• _Provided material_:
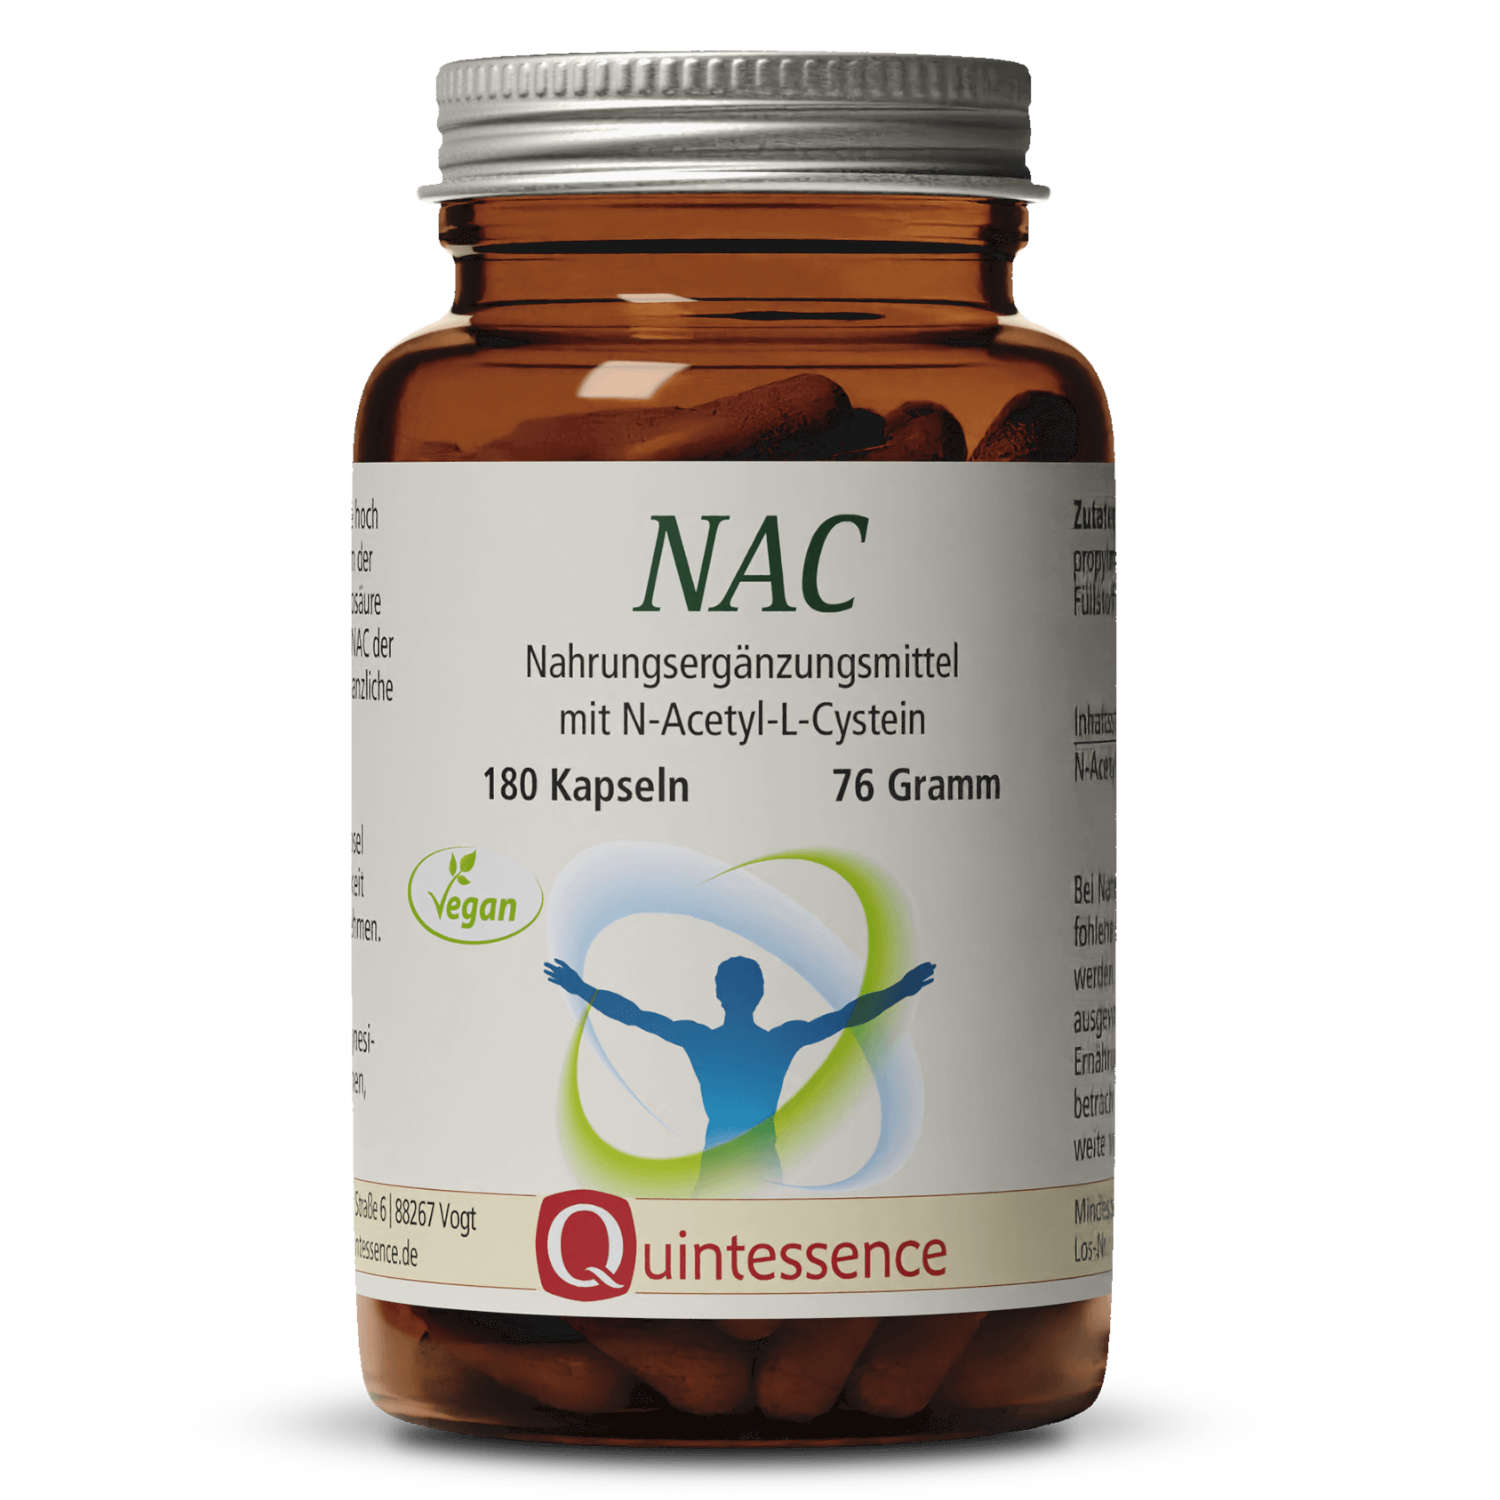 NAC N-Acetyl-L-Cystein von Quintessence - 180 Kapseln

--

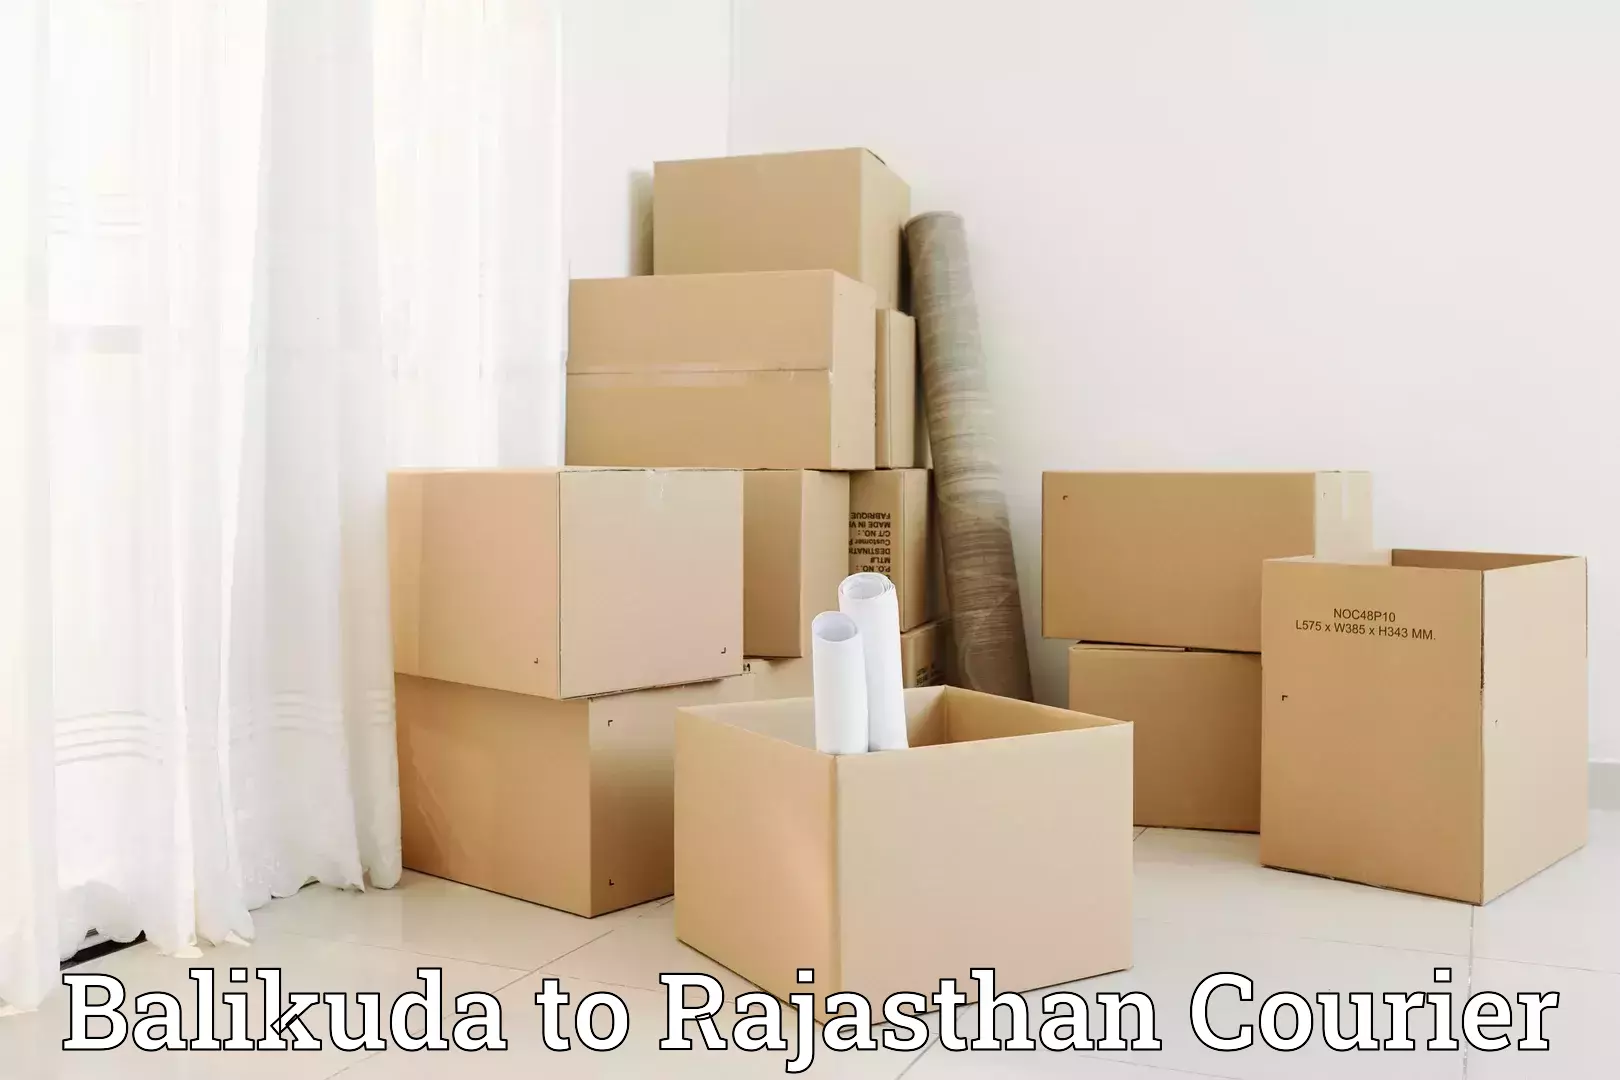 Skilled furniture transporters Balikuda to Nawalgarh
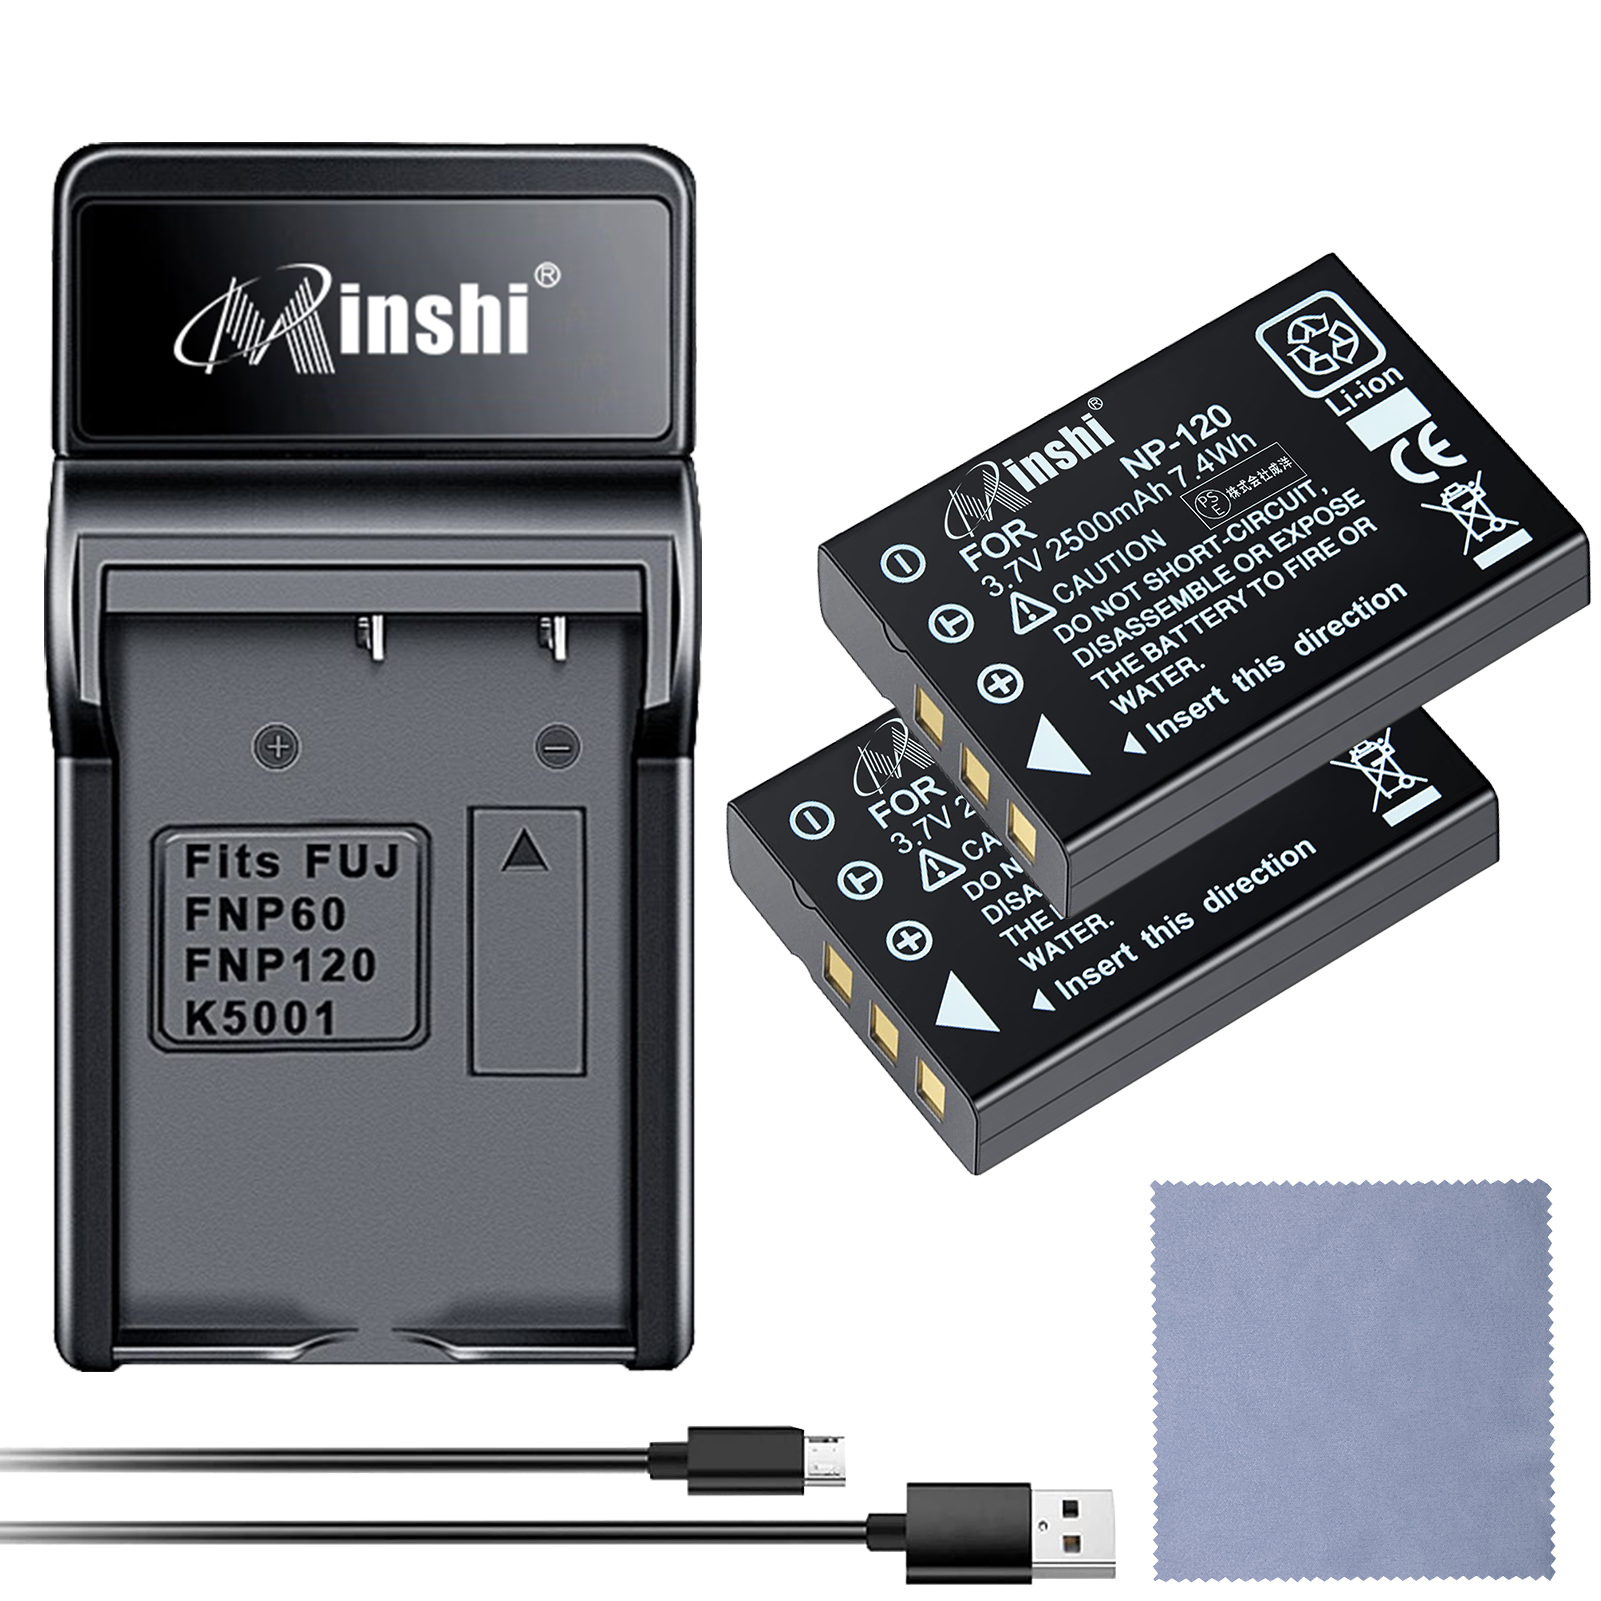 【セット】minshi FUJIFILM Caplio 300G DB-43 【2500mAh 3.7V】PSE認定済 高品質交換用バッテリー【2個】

...

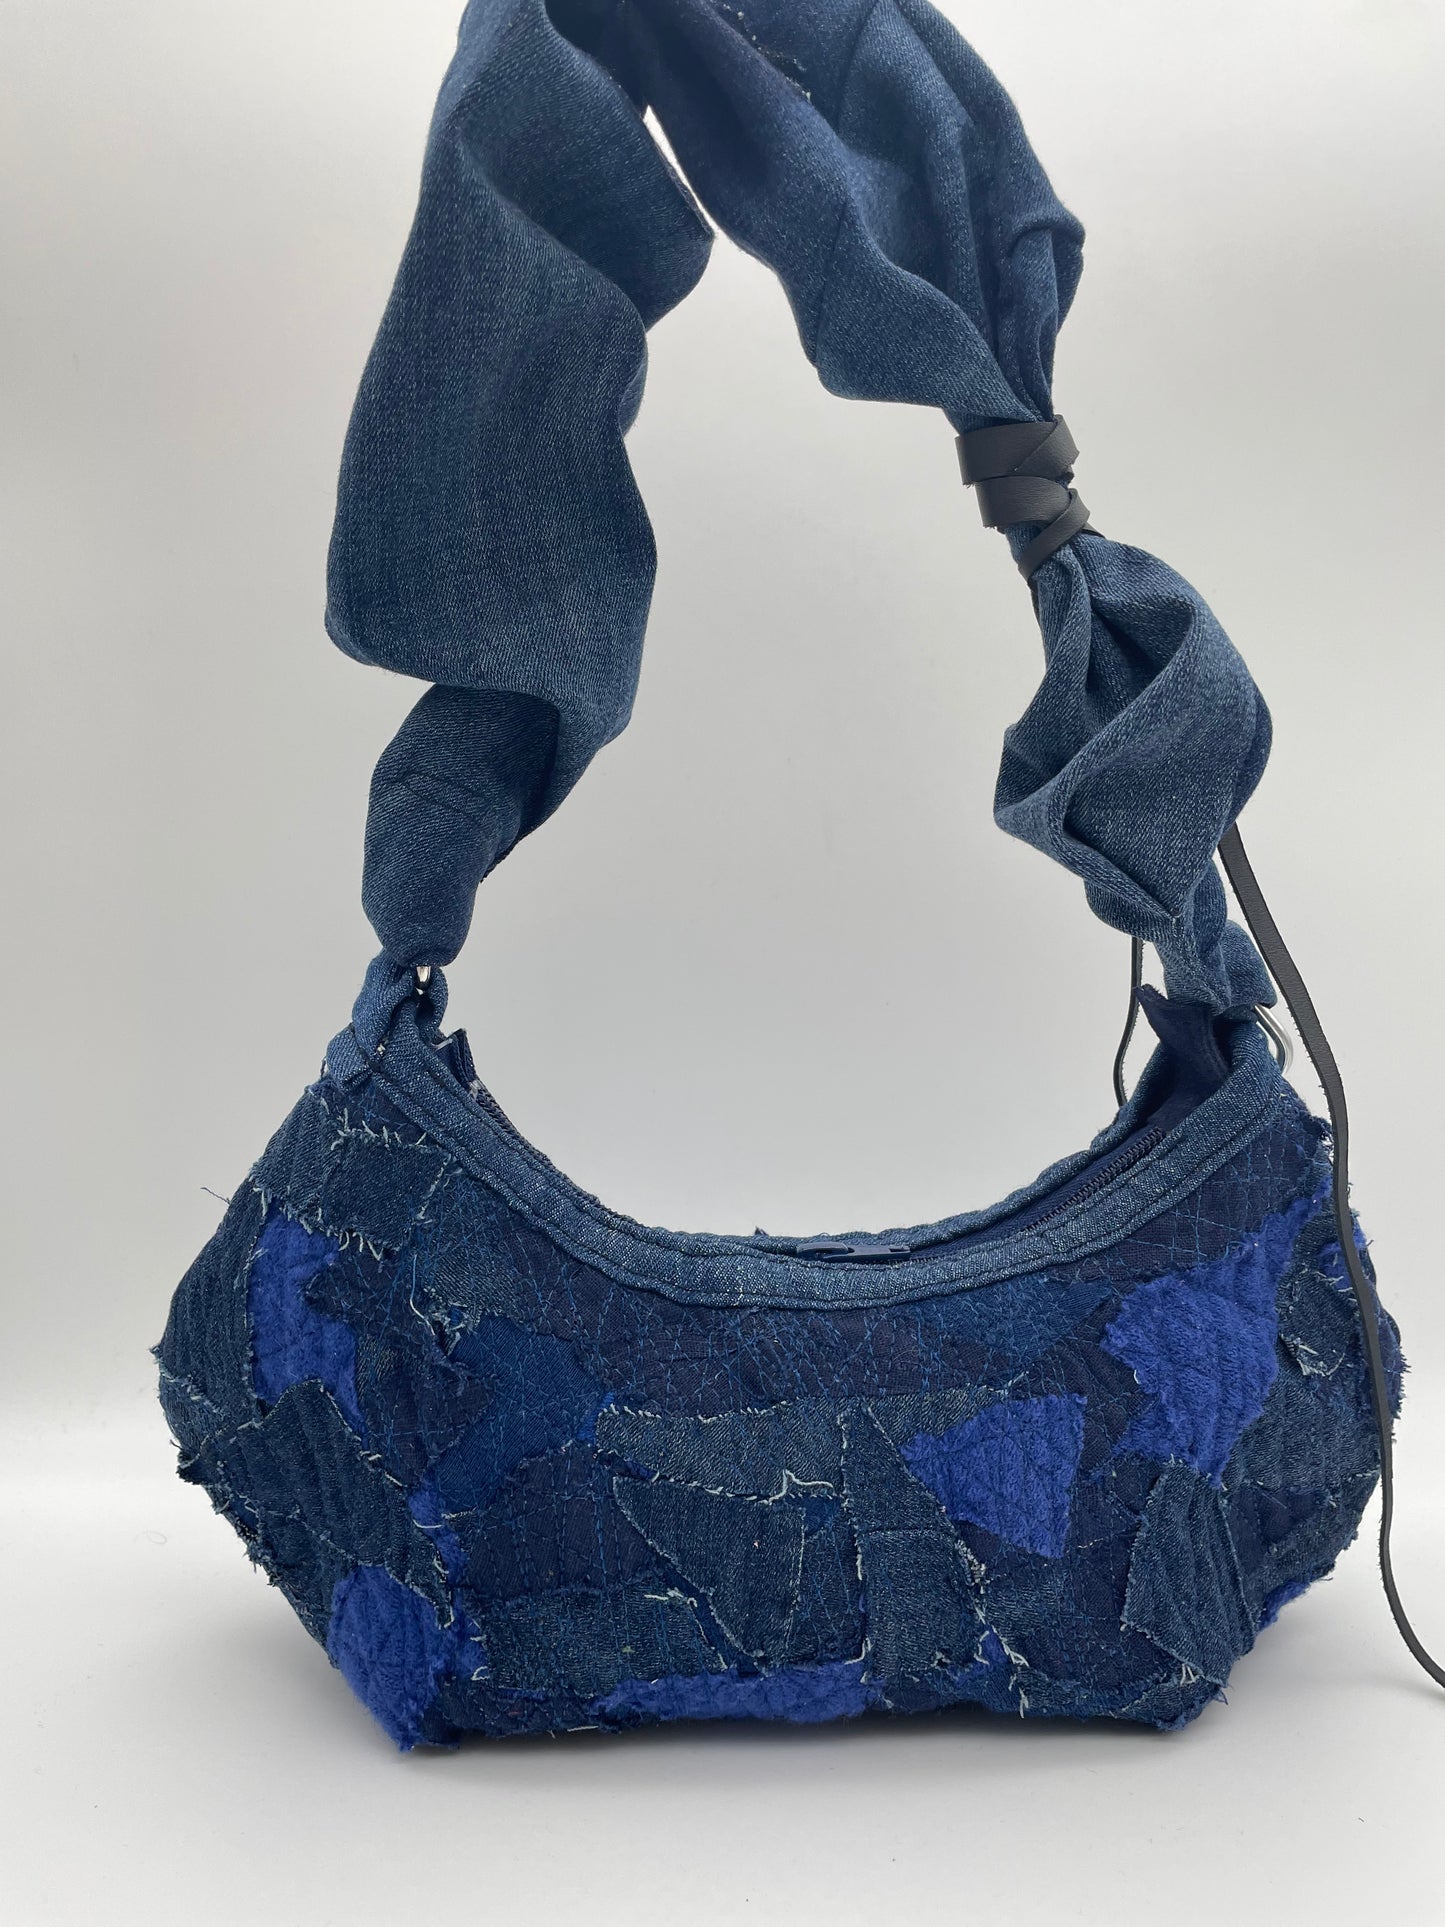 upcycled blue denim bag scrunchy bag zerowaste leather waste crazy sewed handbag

• _What you should do_: Write out, word for word, the stretch of entries that begins at the line with "Skilled furniture transporters" and ends at the line with "DB-43 【2500mAh 3.7V】PSE認定済 高品質交換用バッテリー【2個】". Pictures do not belong in it.

• _Result for this task_:
 Skilled furniture transporters Balikuda to Nawalgarh
 【セット】minshi FUJIFILM Caplio 300G DB-43 【2500mAh 3.7V】PSE認定済 高品質交換用バッテリー【2個】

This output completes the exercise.